Apache Kyuubi is a distributed and multi-tenant gateway that provides query services such as SQL queries for data lake query engines such as Spark, Flink, and Trino.
Features
Multi-tenancy: Kyuubi provides end-to-end multi-tenancy for resource acquisition and access to data or metadata by using a unified authentication or authorization layer.
High availability: Kyuubi supports load balancing by using ZooKeeper. This ensures an enterprise-level high availability and an unlimited high client concurrency.
Multiple workloads: Kyuubi can easily support multiple workloads by using one platform, one copy of data, and one SQL interface.
Scenarios
Interactive analytics: Kyuubi helps build an enterprise-level analytic platform for visualized interactive analytics on big data. The platform supports common computing frameworks. Kyuubi supports Java Database Connectivity (JDBC) and Open Database Connectivity (ODBC) interfaces. You can use SQL or business intelligence (BI) tools to access Kyuubi and efficiently perform queries. Kyuubi caches background engine instances at the user level to ensure computing resource sharing and quick response. This way, large amounts of data can be queried in parallel and the query results can be quickly returned.
Batch processing: Kyuubi provides an SQL interface for batch processing, especially for large-scale extract, transform, and load (ETL) processes. Kyuubi and its engines support independent storage and a number of data sources. Kyuubi isolates background engine instances at the connection level to improve computing resource isolation and stability.

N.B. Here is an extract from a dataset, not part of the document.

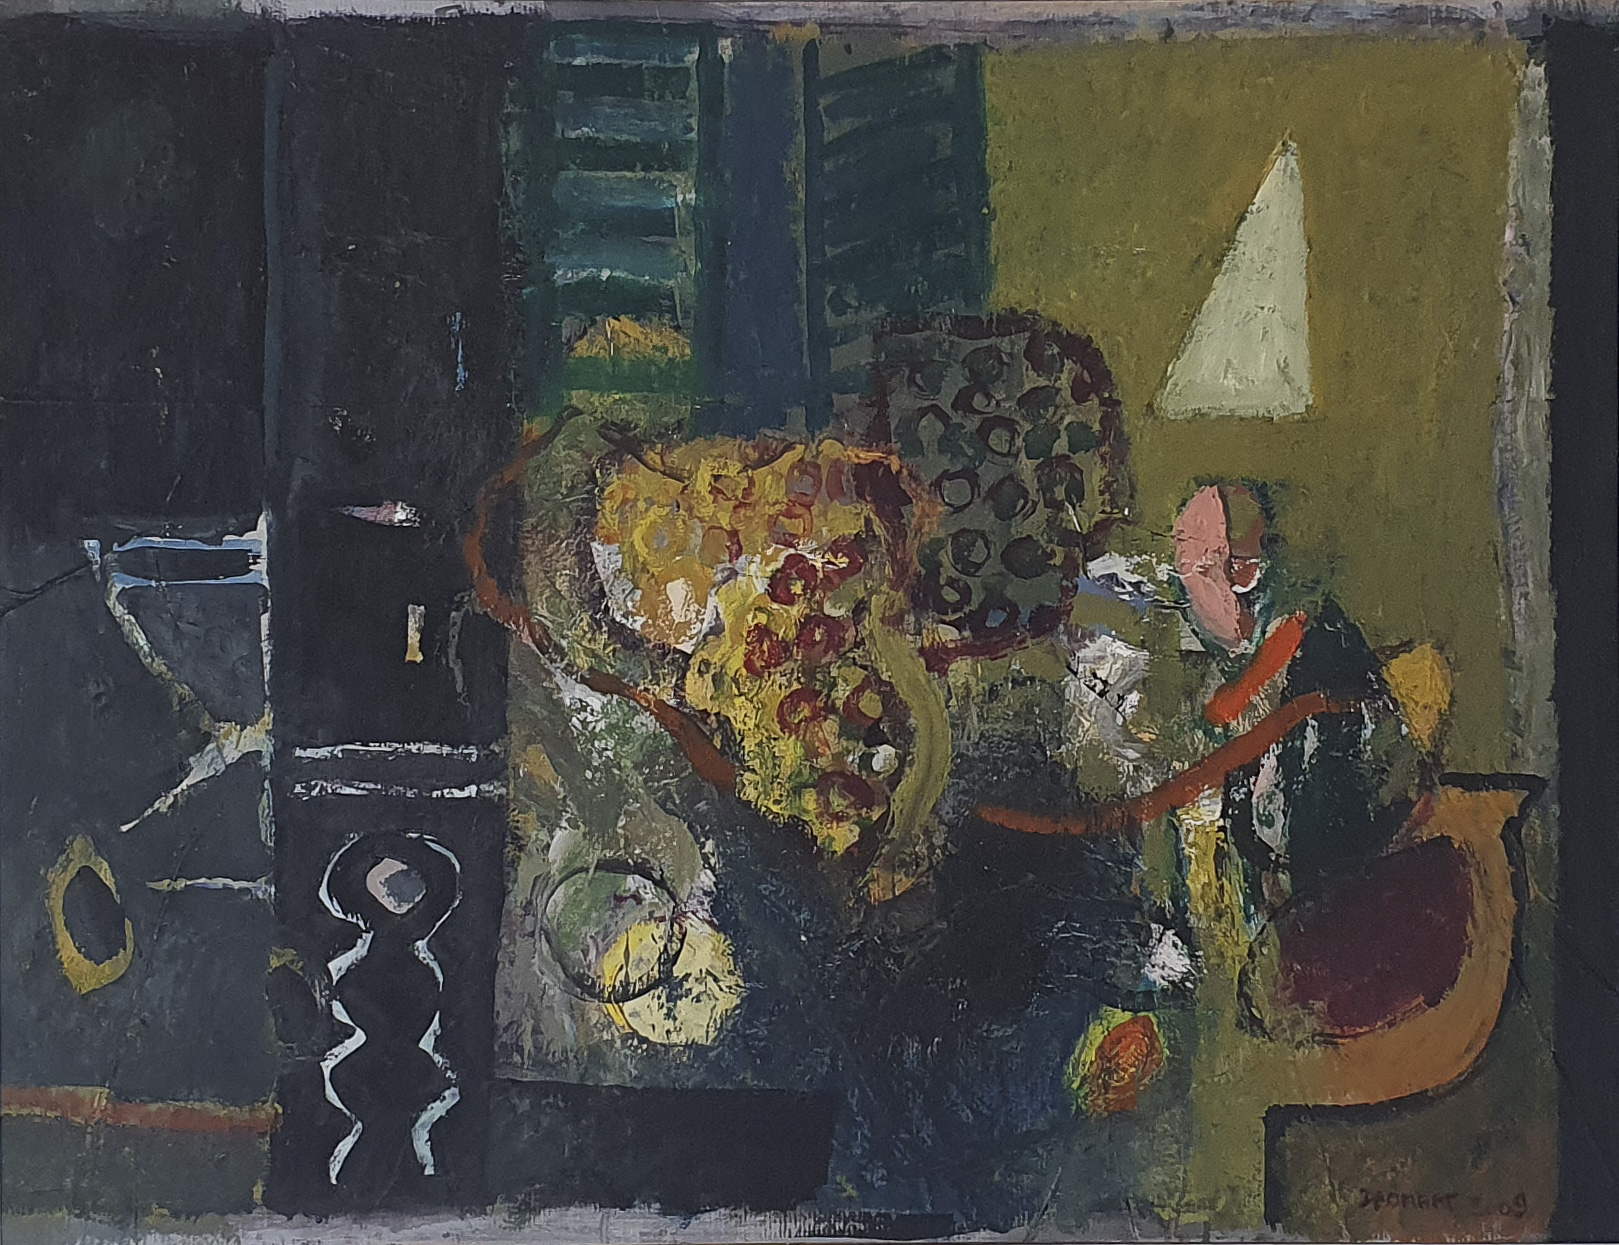 Jacques DROMART

Comparison among Kyuubi, Livy, and Spark Thrift Server
Item | Kyuubi | Livy | Spark Thrift Server |
Supported interfaces | SQL and Scala | SQL, Scala, Python, and R | SQL |
Supported engines | Spark, Flink, and Trino | Spark | Spark |
Spark version | Spark 3.x | Spark 2.x and Spark 3.x | Built-in Spark components |
Supported protocols | Thrift and JDBC | HTTP, and Thrift and JDBC | Thrift and JDBC |
Client | Kyuubi Beeline | HTTP Client | Spark Beeline |
High availability | Supported | Supported | Not supported |
Resource isolation | Supported | Supported | Not supported |
Lightweight Directory Access Protocol (LDAP) authentication | Supported | Supported | Supported |
Alibaba Cloud EMR version |
|
| All versions |